Sinfonietta marks MLK Day with a joyous musical celebration

Mon Jan 15, 2024 at 12:38 pm

By Landon Hegedus

Xavier Foley performed his “Victory” Concerto with the Chicago Sinfonietta Sunday afternoon in Naperville. Photo: Matt Dine

The Chicago Sinfonietta upheld one of its integral annual customs despite Sunday’s frigid temperatures, presenting its Martin Luther King Jr. Tribute Concert at Wentz Concert Hall in Naperville. In keeping with tradition, the matinee program centered on works by black American composers, this year featuring works by Scott Joplin, Xavier Foley, and Margaret Bonds.

Sinfonietta music director Mei-Ann Chen offered her ebullient advocacy both in extolling the works’ virtue and through her dedicated, enthusiastic conducting—none more so than in Xavier Foley’s “Victory” Concerto for contrabass, heard here in its Chicagoland debut. 

Composer-bassist Foley has made a strong favorable first impression on Chicago audiences with a spate of memorable solo outings in recent seasons, and his prolific output as both performer and composer places him on track to becoming a household name. In this program, the Avery Fisher Career Grant and Sphinx Competition winner reasserted his composer bona fides as the soloist in his own work, which Foley premiered last year with Santa Fe Pro Musica and Chen as conductor.

The Victory concerto tears out of the gate at a brisk clip, introducing the syncopated motive that serves as the work’s motto. From there, it proceeds in one movement without pause, departing intermittently from its driving central theme to take extended detours into sunnier, Afro-Cuban-inflected stylistic locales. 

The work is a marvel on its own—knitting together daredevil virtuosity with melodic earworms set against an economical yet effective string orchestra setting. 

The music feels inextricable from the brawny yet exacting instrumental delivery of its composer-soloist. Foley’s warm sound and penetrating musicality sailed through the work’s dizzying arabesques and spiraling melodies, and the contrabassist maintained effortless intonation throughout from the daring heights of the instrument’s upper fingerboard. Chen and her band, for their part, delivered intuitive companionship to their soloist, creating a balanced and lithe sound to complement the contrabass’ amber-hued tone. 

The program opened with the Overture to Scott Joplin’s sole surviving opera Treemonisha, which proved uneven by comparison. The Sinfonietta eschewed Gunther Schuller’s more typically heard orchestration of this colorful ragtime whirligig, opting instead for T.J. Anderson’s arrangement for the opera’s first full production in 1972.

This delivery was unfortunately marked by cautious tempos that sapped some of the work’s vim. While the Sinfonietta brass section lifted some of the heavier moments, the orchestra’s uneven footing in the hairpin tempo changes dulled the work’s kaleidoscopic dynamism.

The program’s keystone work was Margaret Bonds’ tribute to Martin Luther King Jr., the Montgomery Variations by Margaret Bonds.
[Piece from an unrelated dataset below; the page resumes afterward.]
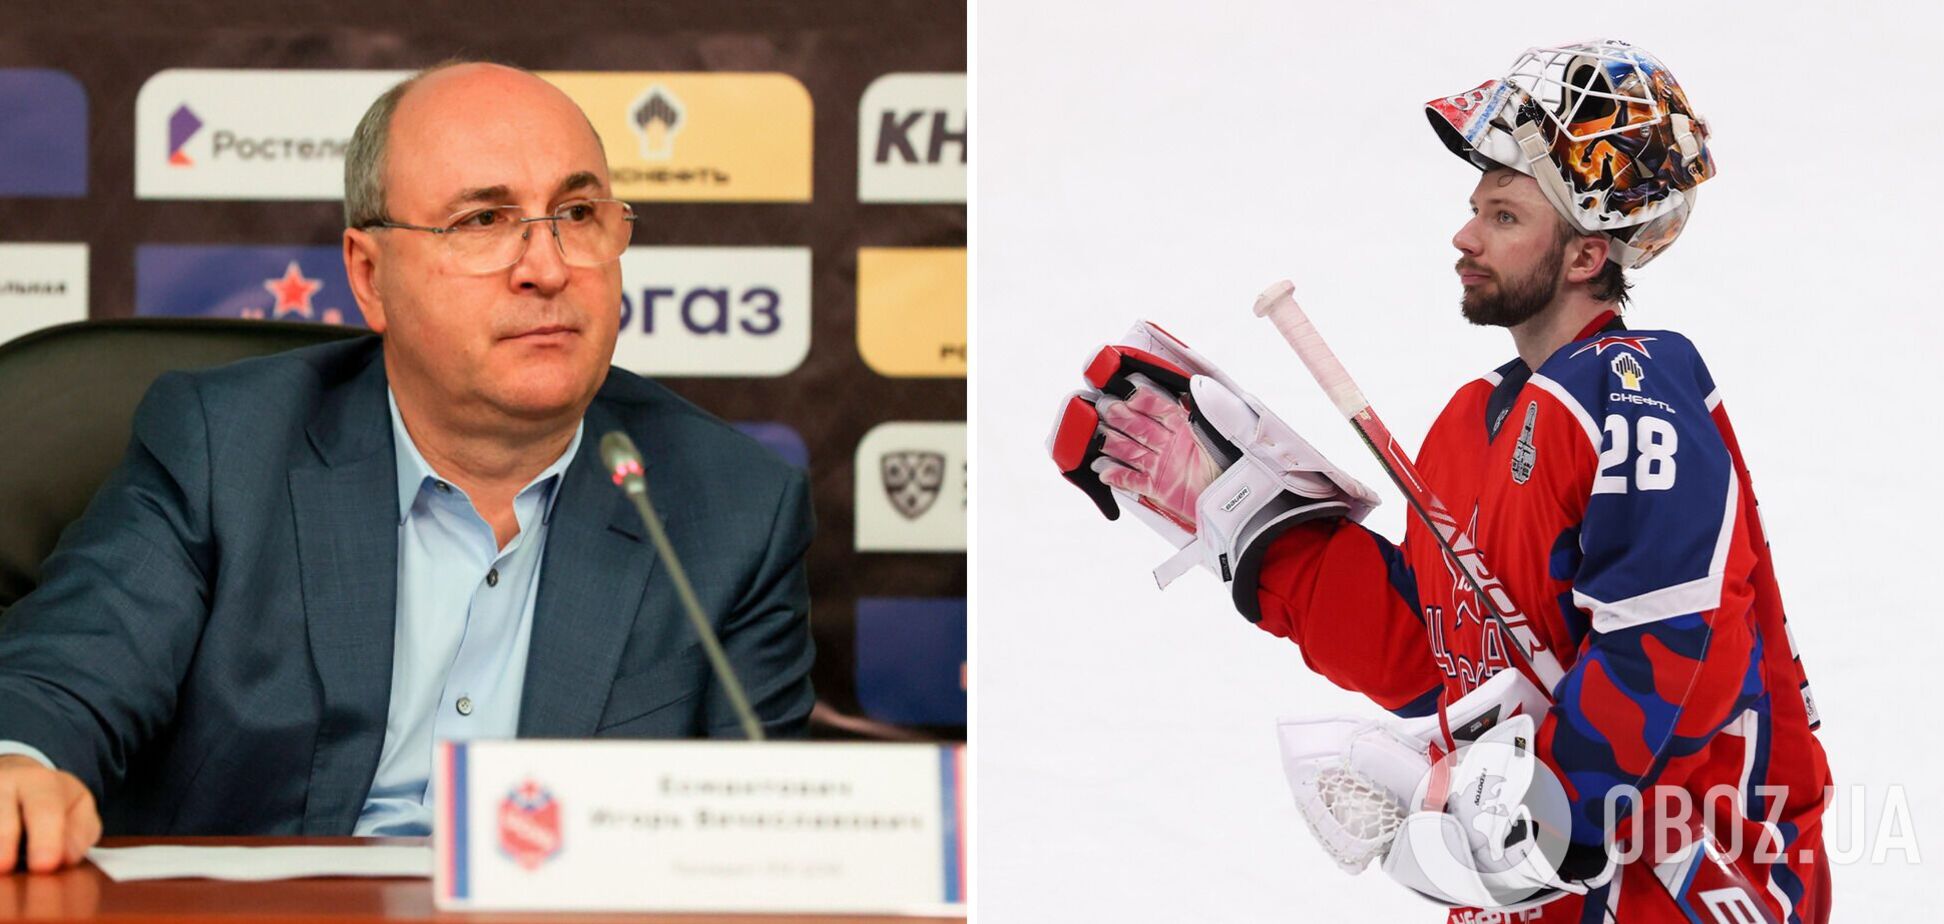 Скандал в мировом хоккее: Россия снова наплевала на международные правила

Bonds is remembered locally as the first African American soloist to perform with the Chicago Symphony Orchestra, but she was a remarkable composer in her own right, and these variations are a testament to her compositional oeuvre being woefully overlooked.
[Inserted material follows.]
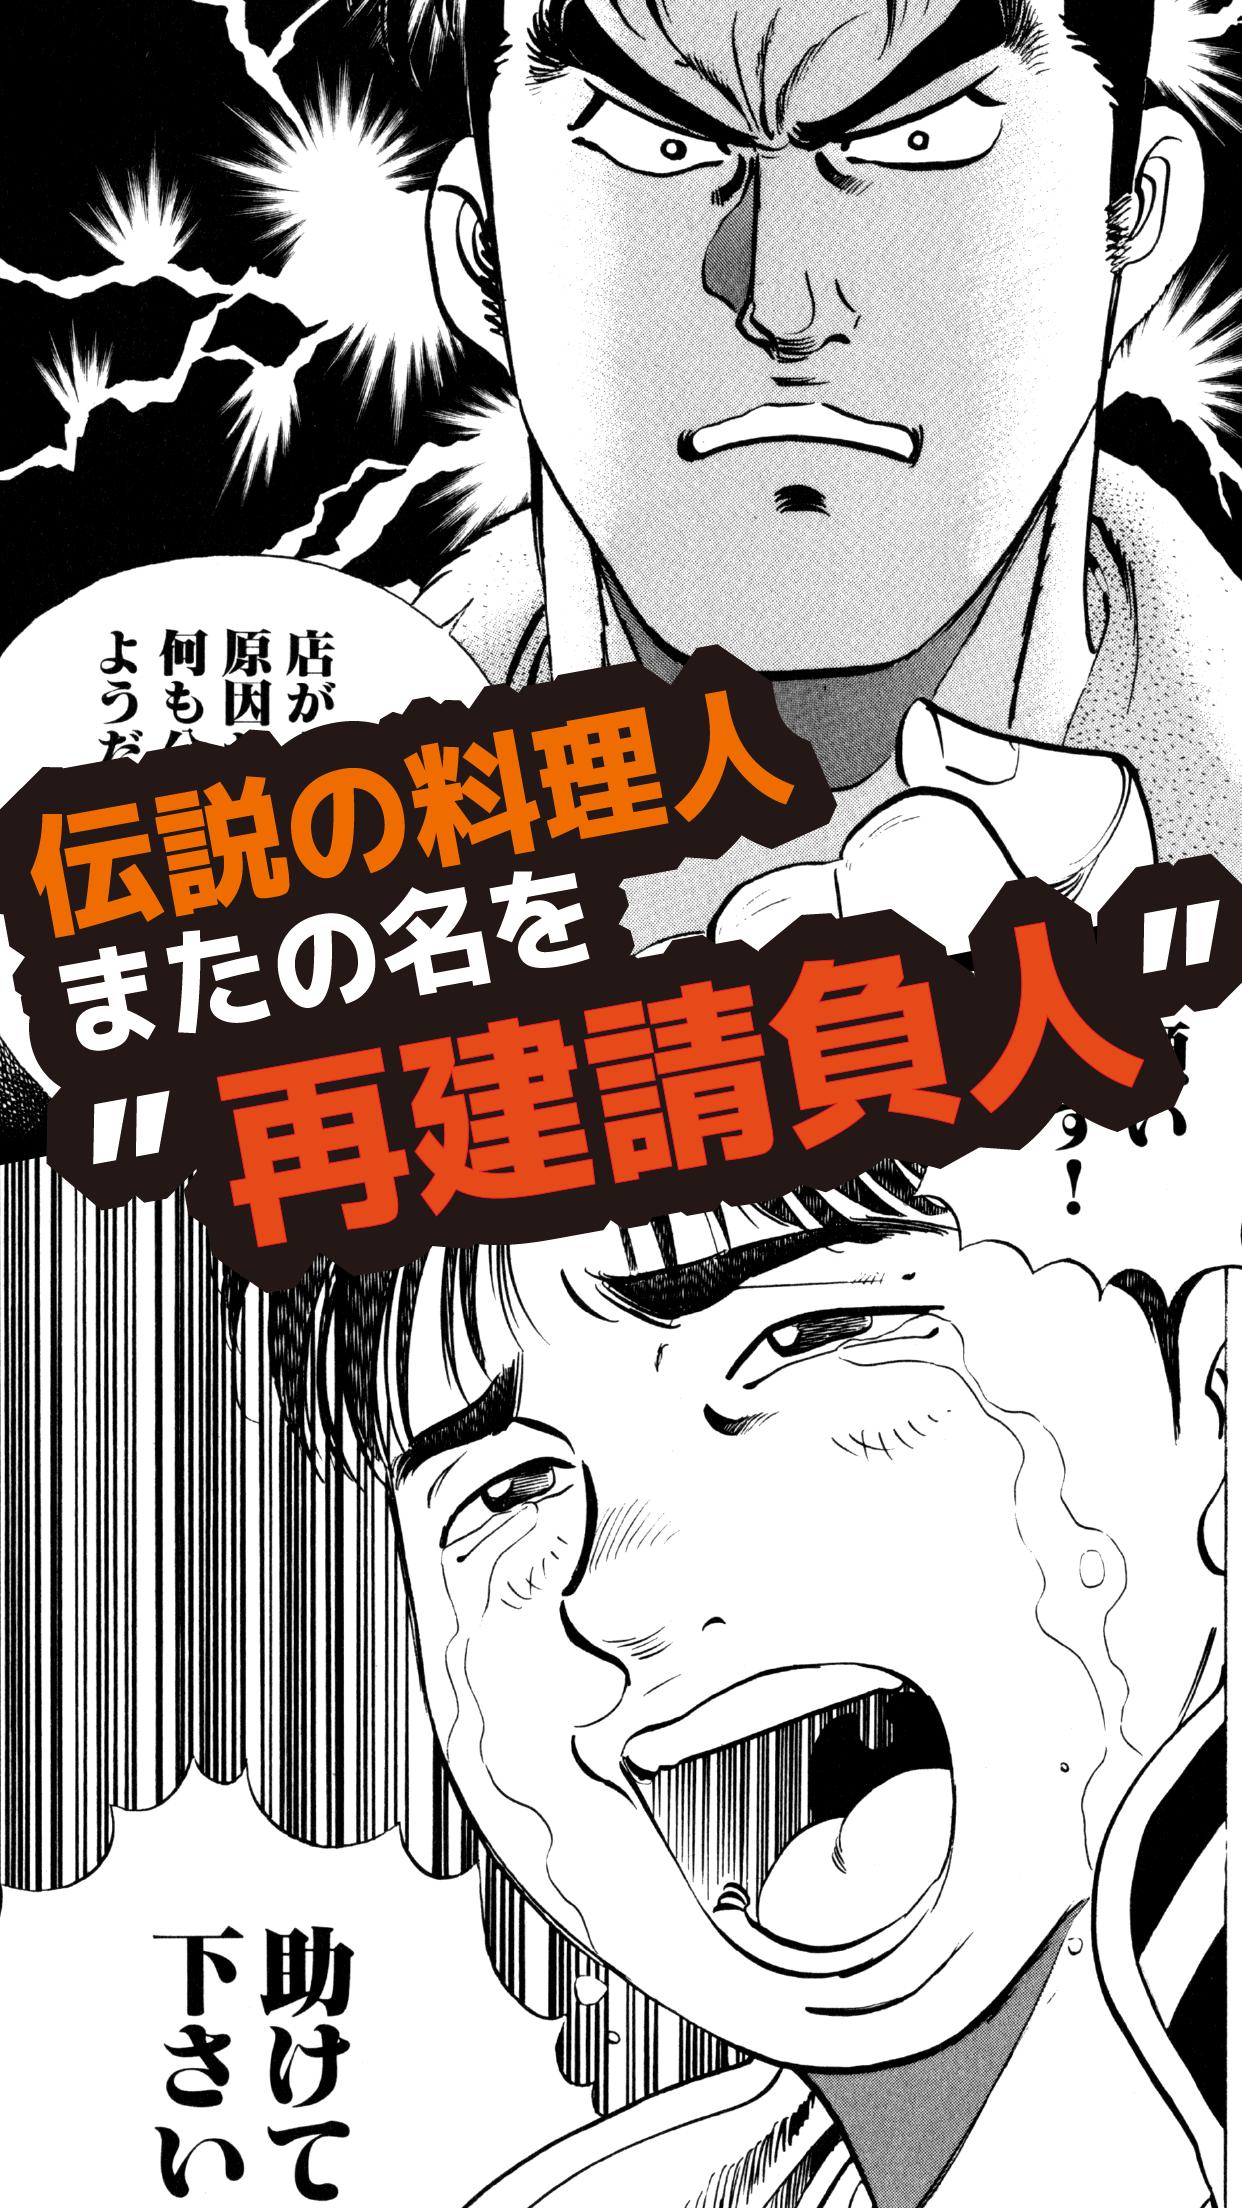 全巻無料 食キング 熱血グルメ人気漫画 マンガ For Android Apk Download

The Montgomery Variations was inspired by Bonds’ 1963 visit to the eponymous site of Martin Luther King’s most impactful civil rights campaigns, yet the scope of the work’s programmatic component extends beyond Montgomery itself. In seven movements, its variations on the African-American spiritual “I Want Jesus to Walk with Me,” surveys the ranging venues and emotional tenor of the Civil Rights movement from 1955 to 1963, culminating in elegiac dedication to the victims of the 16th Street Baptist Church in Birmingham, Alabama. 

“It’s like cream cheese all the way through, it’s so rich,” Chen remarked in her introductory comments. The conductor brought impassioned vigor commensurate with that richness to the heroic declamations of the bookending movements, drawing sumptuous, finely woven sonority from the orchestra. Other standout moments included the second movement “Prayer Meeting,” which featured a lovely duet between principal oboist Ricardo Castañeda and flutist Janice MacDonald, as well as the third-movement “March,” a showcase for the Sinfonietta’s plucky bassoon section, including a winsome solo by principal Ben Roidl-Ward.

To close the program, Mei-Ann Chen invoked another tradition by inviting the audience to stand and join in singing along to an orchestral medley of “We Shall Overcome” and “Lift E’vry Voice.” Chen, beaming through it all — took these words to heart as she waved a baton with one hand, and with the other, held a microphone to lead the audience chorus in the stirring anthem. 

This program will be repeated 7:30 p.m. Monday at the Auditorium Theatre.